I pulled my phone out quickly and texted my sister.
KI. U R GONNE DIE. SITTING NEXT TO FINN SCHILLER. FUCKING WIGGING.
He came back from the galley with a champagne in one hand and an orange juice in the other, and sat down next to me as I casually turned my phone off.
“Hi there,” he said.
Fuck, what do I do, play it cool? Yes. “Hi.”
“A little stormy out there.” He gestured out the window with a jut of his Bernini-carved jaw.
“Yeah, hopefully Zeus won’t chuck down too many bolts our way.” Where the hell did that come from?
“God, I fucking hope not,” he said, swigging his bubbly. “You headed home?”
“No, um, I live here. Just going for a few days for work. Business trip.” OMG DORK! Redundant. Dumbass. I felt like when my niece couldn’t pronounce stupid and just said “toopid . . .” I was so fucking toopid.
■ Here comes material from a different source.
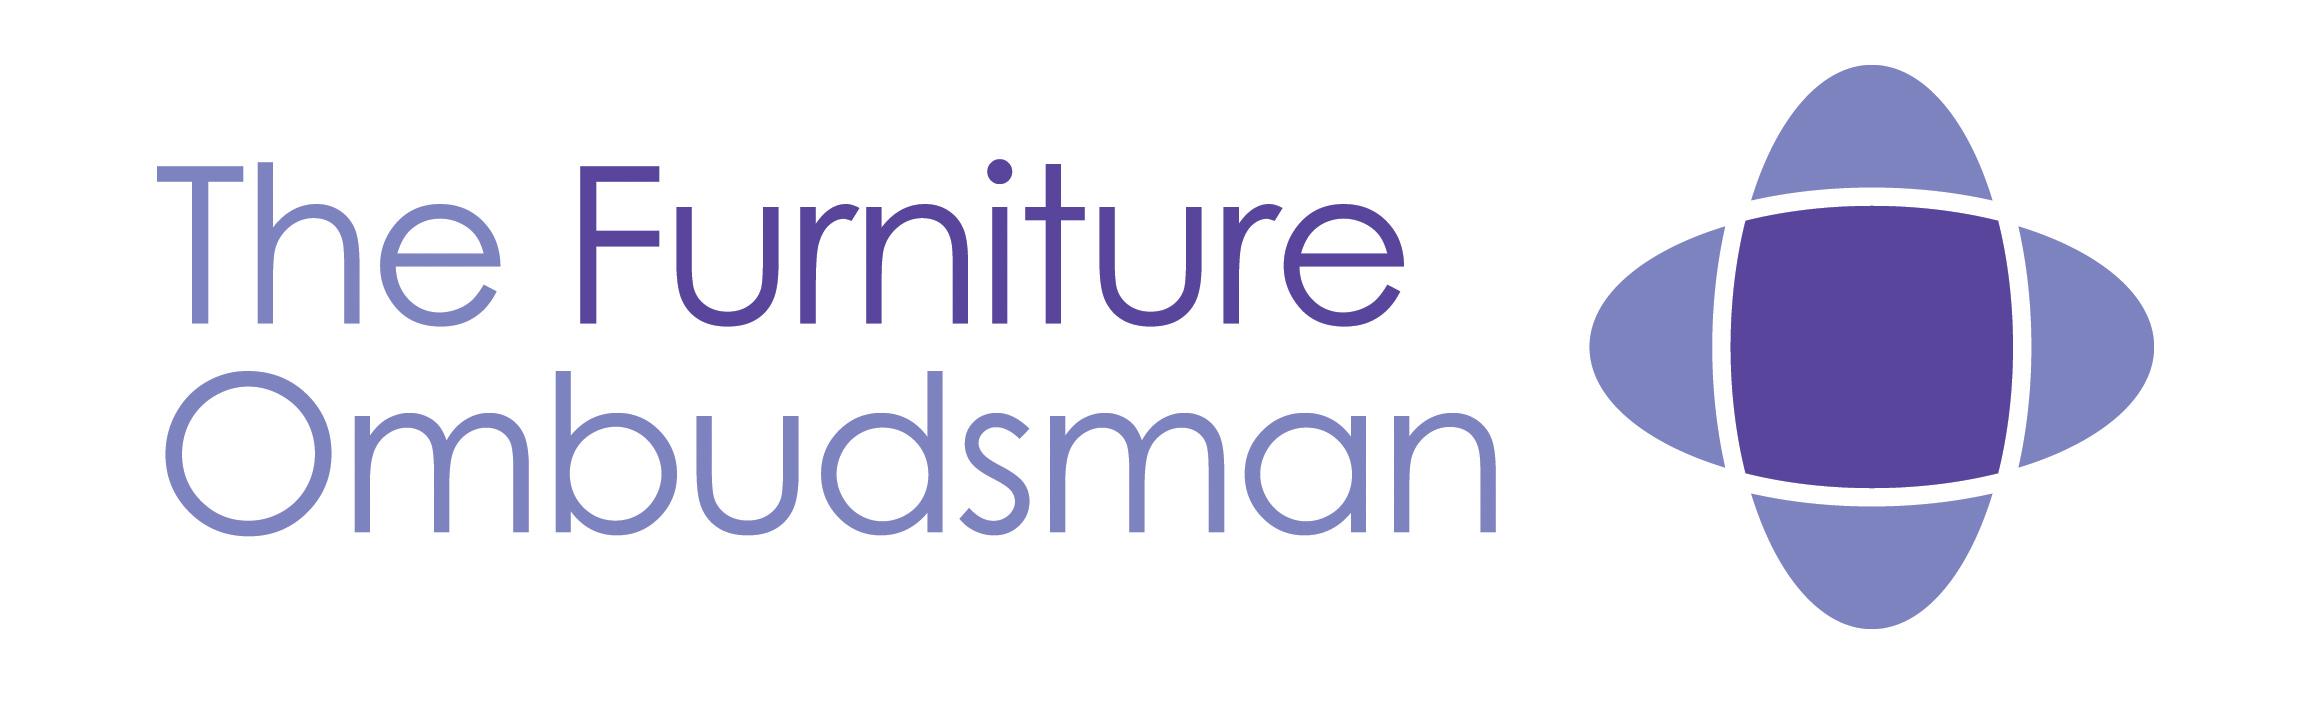 The Furniture Ombudsman

“Yeah? What do you do?” I saw him look me over with my charcoal T-shirt and black jeans. My gray Converse slip-ons were probably the giveaway that I didn’t have a normal desk-job.
“I work for Badass Games? We make—”
“You’re shitting me,” he said, angling himself toward me more. “You work for Badass Games?! Are you fucking kidding me? I play all your games on a loop! I shattered my Xbox when I got Road Warriors Two. The band and I were addicts, man. I’m so pumped for Pimps N’ Ho’s Five.”
Knock me over with a feather . . . we were on Finn Schiller’s radar? Little ol’ moi was, by proxy, as the Little Mermaid sang, part of his world? I mean, I knew countless celebs used our products, as they confessed nightly on their blogs or Letterman’s couch. Part of my job was pulling reels and clippings for Noah each week with all the mentions from those whose hands and feet had been pressed into the wet cement on Hollywood Boulevard—he was such a fame-fucker he practically got hard when he learned Pamela Anderson played our games with her sons.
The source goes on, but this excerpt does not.